Meagher shook his head. “It is a miracle of modern telegraphic communication. It is a brand new world that we live in.”

The Cabinet was meeting when Hay brought the telegram to the President and laid it on the table before him.

“The message from General Sherman that you have been waiting for, Mr. President.”

Lincoln found his fingers trembling slightly when he put his glasses on. But his voice was firm as he read the telegraph message aloud.

“ ‘It is with the greatest pleasure that I inform you that our forces in the field in Ireland have achieved success on every front. The landings in Limerick and Galway were relatively unopposed, so that the attacks on Dublin and Cork went as planned. There was fierce resistance from British troops defending Dublin, but their defeat was the order of the day. The same might be said of Cork as well. The joint operation with the Navy was most successful in all the cities. However the defenders of Belfast, and the counter-attacking forces in the north, put up a strong resistance. They were in the end overwhelmed and defeated.

“ ‘I have declared martial law until the garrisons and pockets of enemy troops we bypassed in our swift attack are neutralized. They pose no real threat to peace since they are few in number and disorganized. I can therefore truthfully state that we have prevailed by might of arms. Ireland is free.’ It is signed General William Tecumseh Sherman.”

“I make it five days from beginning to end,” the Secretary of War said. “History has seen a Forty Years’ War, as well as other conflicts both longer and shorter. But, gentlemen, I don’t think history has ever seen a war before that began and ended in less than a week. This is a new kind of war, just as General Sherman told us. A lightning war where the enemy is overwhelmed — even as they are discovering that they are being attacked. Ireland is taken, the usurper defeated, the deed done.”

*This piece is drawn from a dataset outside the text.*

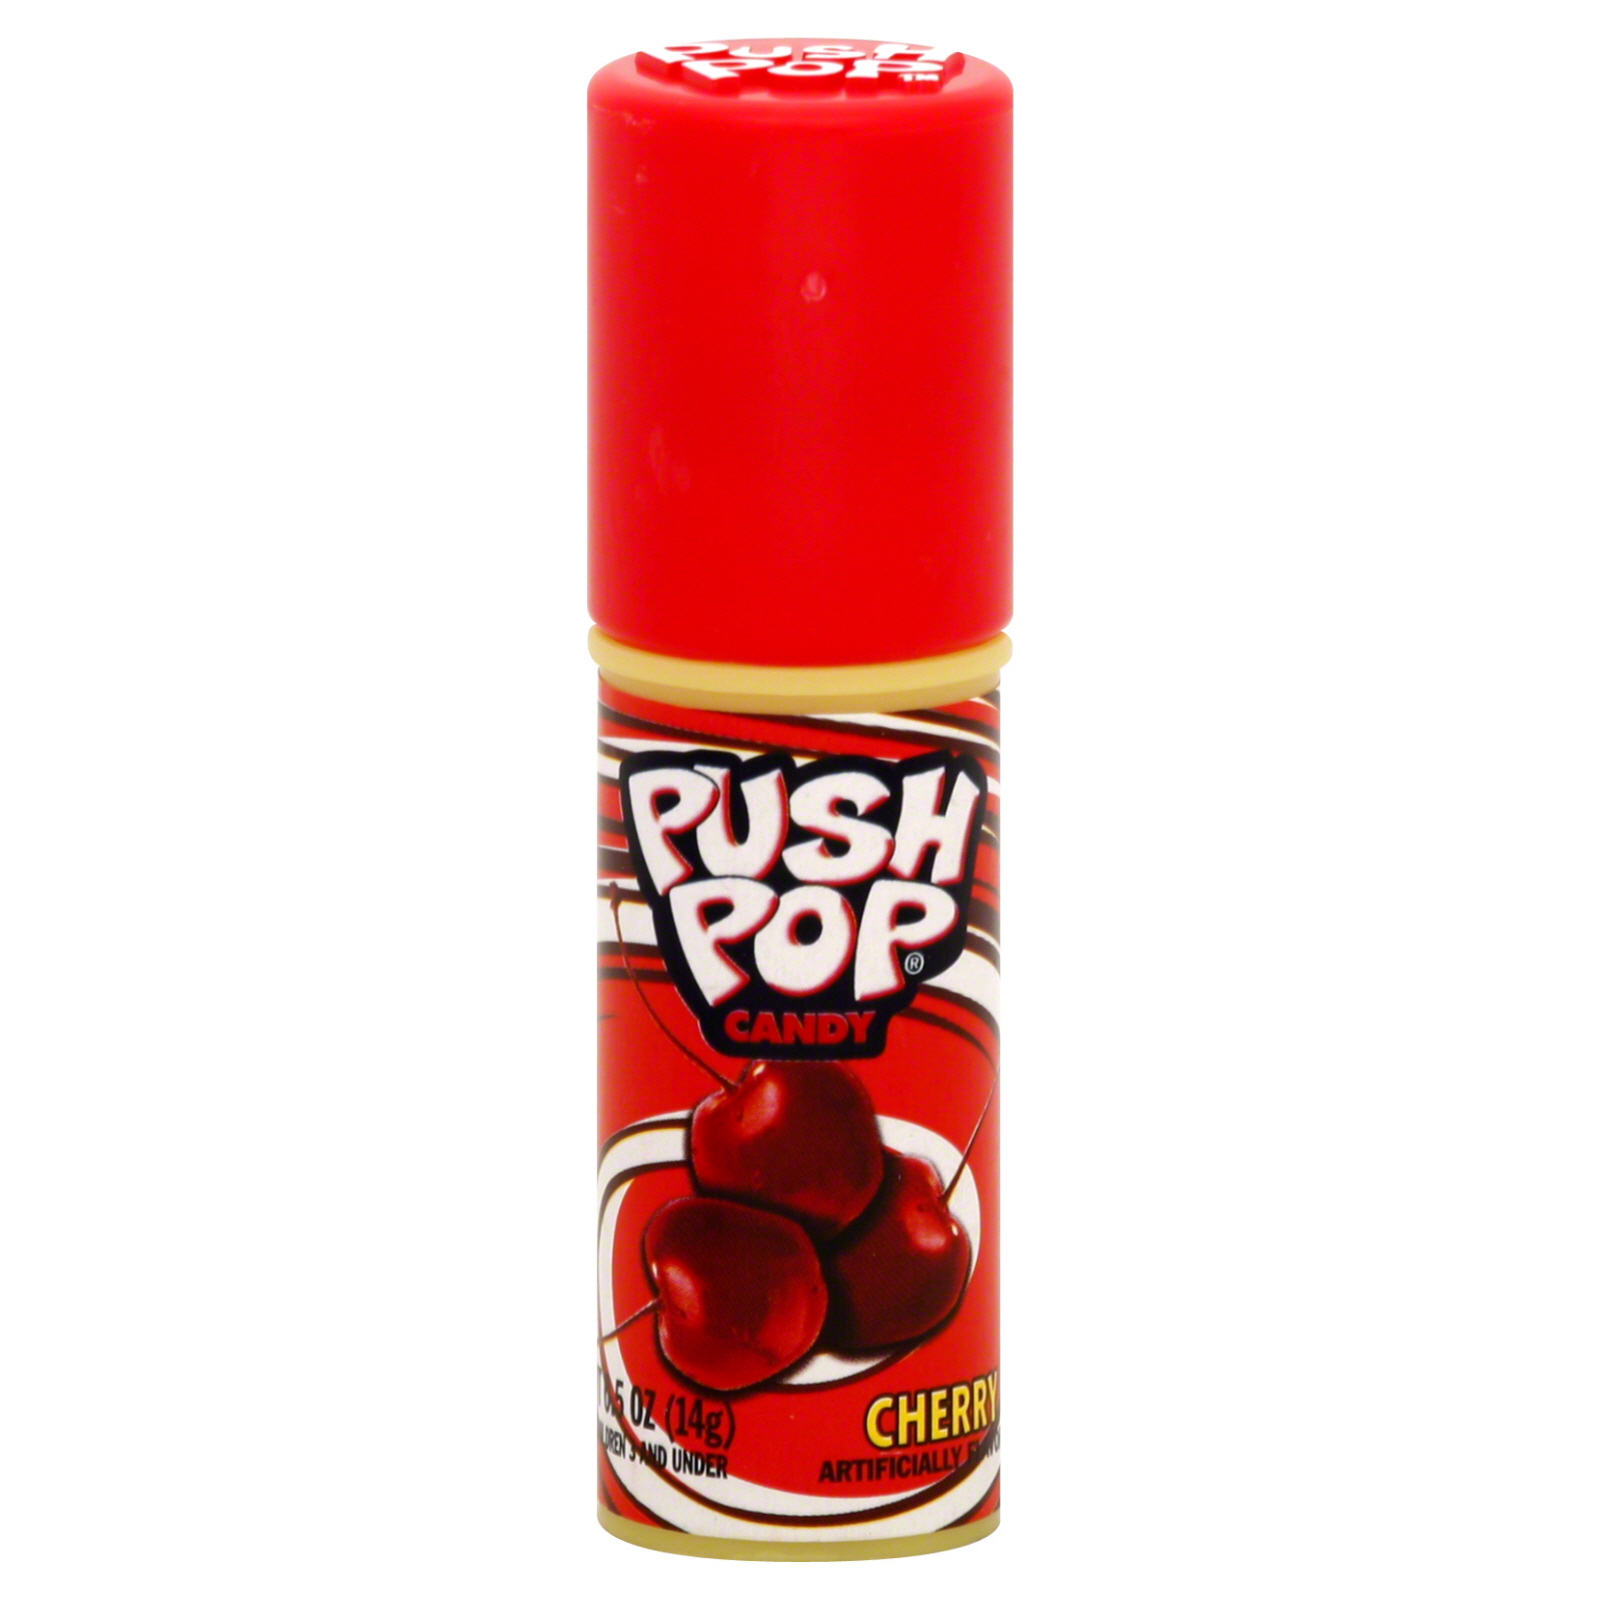 Push Pop Candy, Cherry, 0.5 oz (14 g)

“For that we are most grateful,” Lincoln said wearily. “I, for one, am tired of war no matter how swiftly executed, how rapidly won. Perhaps now our British cousins will read the handwriting on the wall and will begin to understand. The warring is done. We look only to peace in the future. My fondest wish is that they will now withdraw their troops from this hemisphere and join us in looking forward to a peaceful future.”

“This is impossible!” Queen Victoria shrieked, her face flaming red under her white face powder. “You stand before Us and say that We are no longer Queen of Ireland?”

Lord Palmerston bent his head in a sorrowful bow. “That, Your Majesty, appears to be the case. We have had the wired report from the Conqueror about her investigations of Cork. In Northern Ireland the Scots troops have fought a successful retreat and have returned with the news that Belfast is taken as well. In addition there is the telegram from Holyhead that the mail ship from Kingstown has arrived on schedule, for the first time in a week. There were only British passengers aboard, and the vessel was short-handed since only British sailors remained on her crew. However she did carry copies of an Irish newspaper, which, in its entirety, is being telegraphed here even as we speak.” He straightened up and proffered a handful of telegraph papers. “These are the first to arrive. They speak in some detail of the defeat of our forces and the jubilation of the natives at what is referred to as the removal of the English yoke…”

Palmerston ceased speaking when he realized that the Queen was no longer listening. She was wailing, half-fainting, crying into the kerchief held by one of the circle of ladies-in-waiting who attended her. Murmuring his regrets Lord Palmerston bowed his way out.

“A damn’ black day indeed!” he said as the door closed behind him. He shoved the papers into his pocket as he turned to leave the palace.